Example 3.  I am a subcontractor on a private condominium project. I am owed $1,000,000 from the general contractor.  I know from the Notice of Commencement that the general contractor furnished an unconditional payment bond.  Since I am in privity with the general contractor, I do not need to serve a Notice of Intent to look to the Bond on the contractor.   But, within 90 days of final furnishing, I need to serve the general contractor and payment bond surety with a Notice of Non-Payment.  I then need to sue on the payment bond within 1 year from my final furnishing.

  

Payment Bonds (Public Projects)—There are statutory payment bonds on Florida public projects and Federal projects.  There are different procedures to preserve rights depending on the type of public project and it is important to know what steps you need to take to preserve your rights.  Preserving your bond rights allows you to pursue your claim for nonpayment against a surety bond.

  

Example 4.  I am a subcontractor on a Florida school public project.

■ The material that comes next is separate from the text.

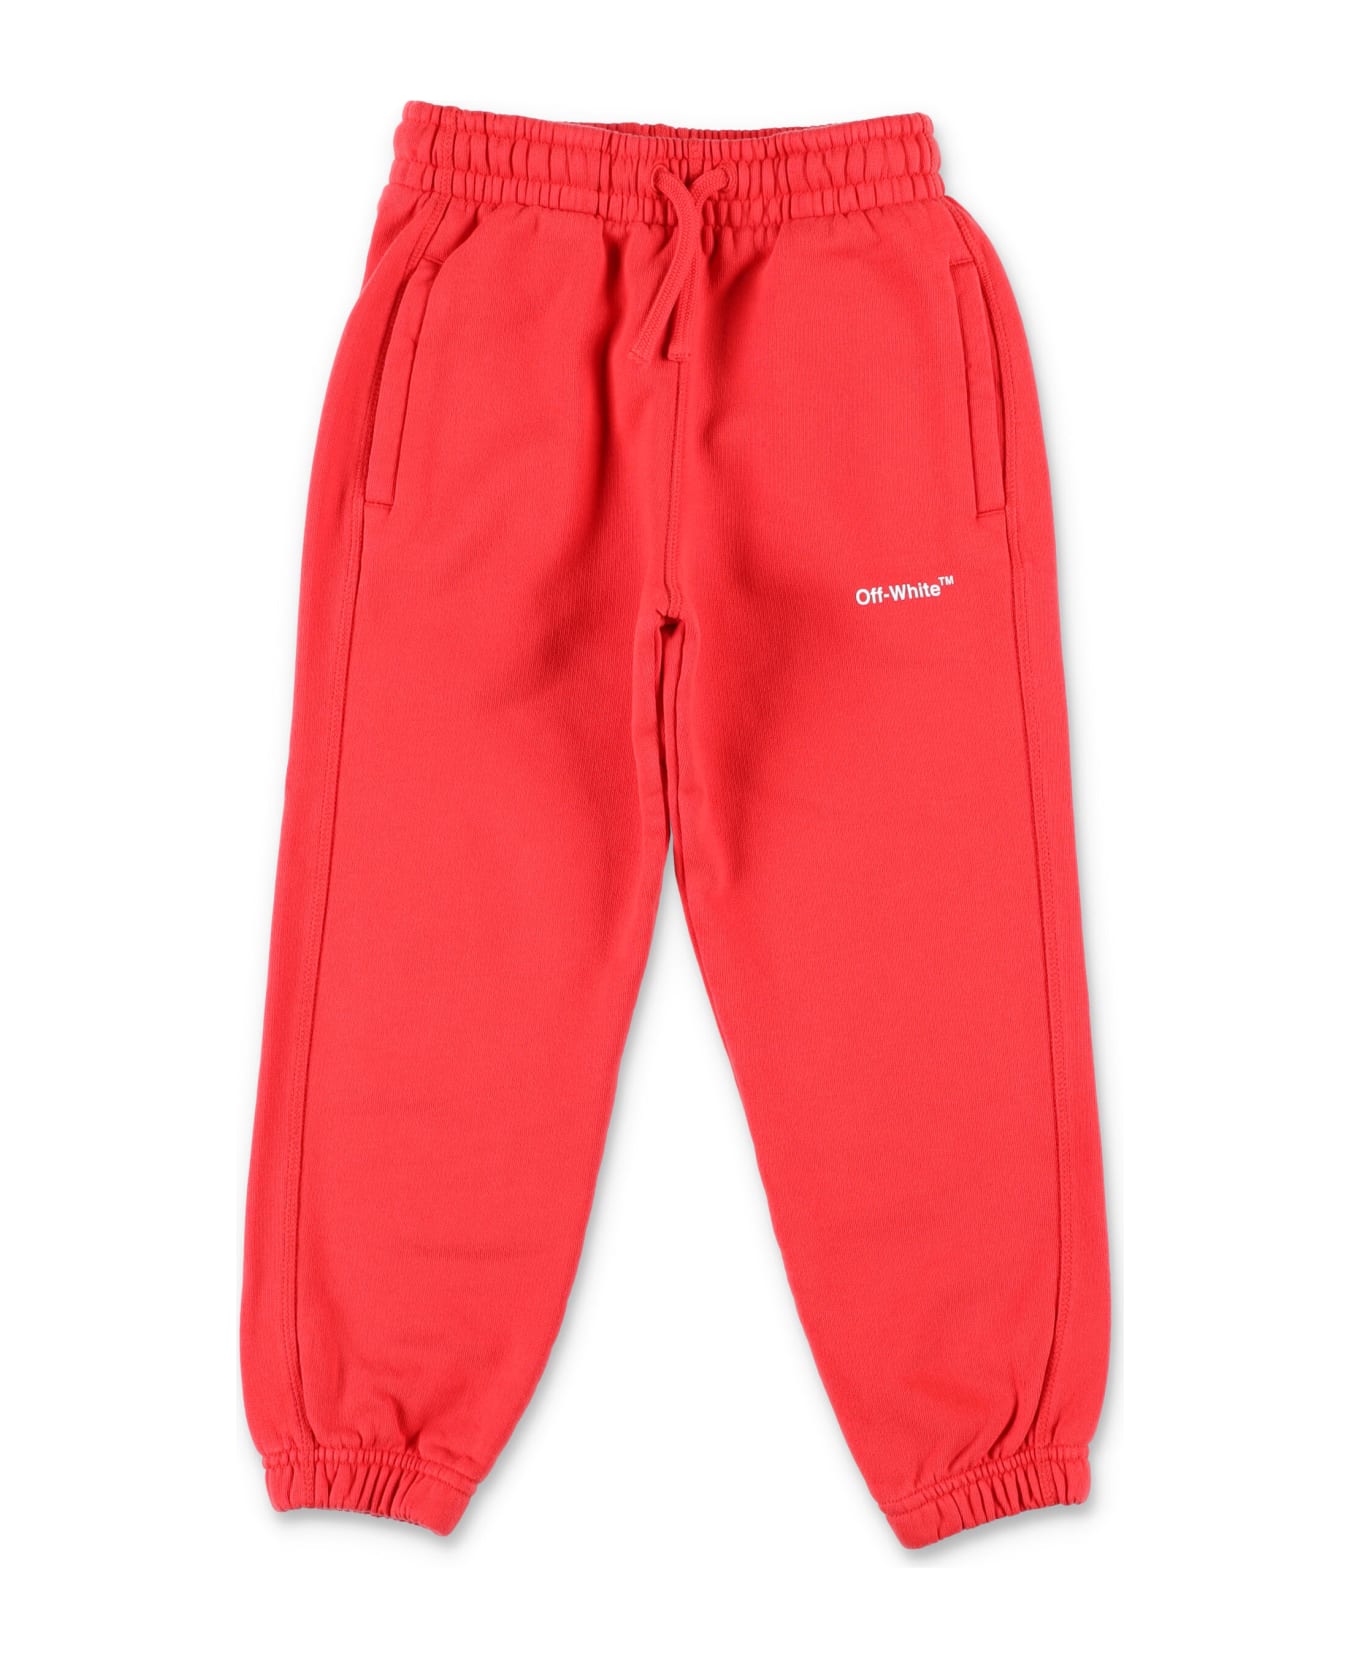 Off-White Rubber Arrow Sweat Pants - RED WHITE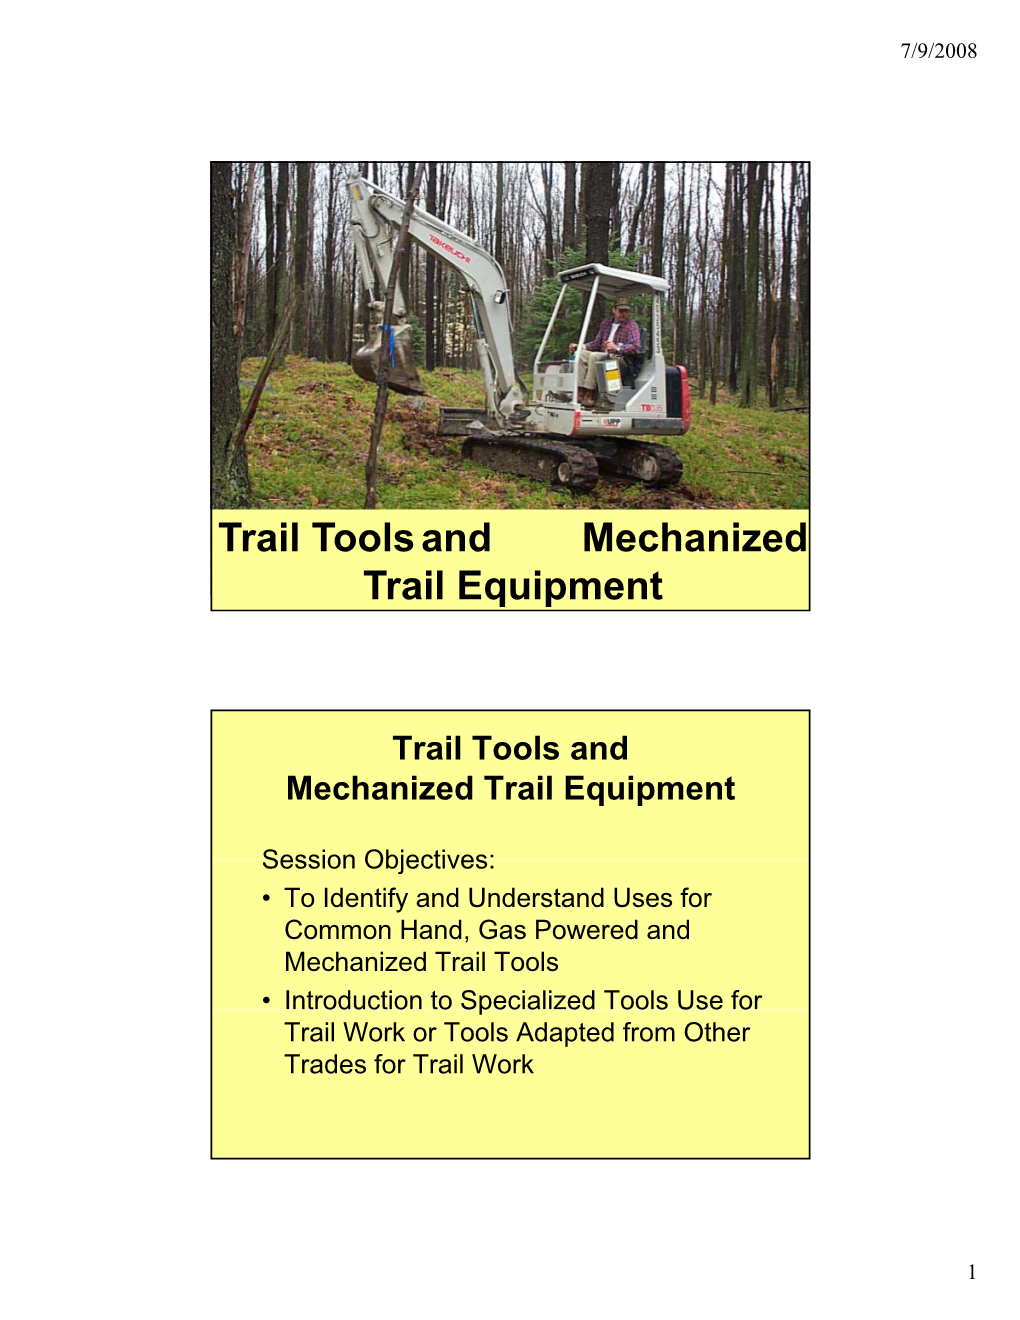 Trail Tools and Mechanized Trail Equipment

I am owed $1,000,000 from the general contractor.  I know that since I am in privity with the general contractor, I do not need to serve a Notice of Intent to look to the Bond on the contractor.  I also know since I am in privity with the general contractor, I do not need to serve a Notice of Non-Payment on the general contractor and surety.  (Note, this is different than if this were a private project).   I need to sue on the payment bond within 1 year from my final furnishing.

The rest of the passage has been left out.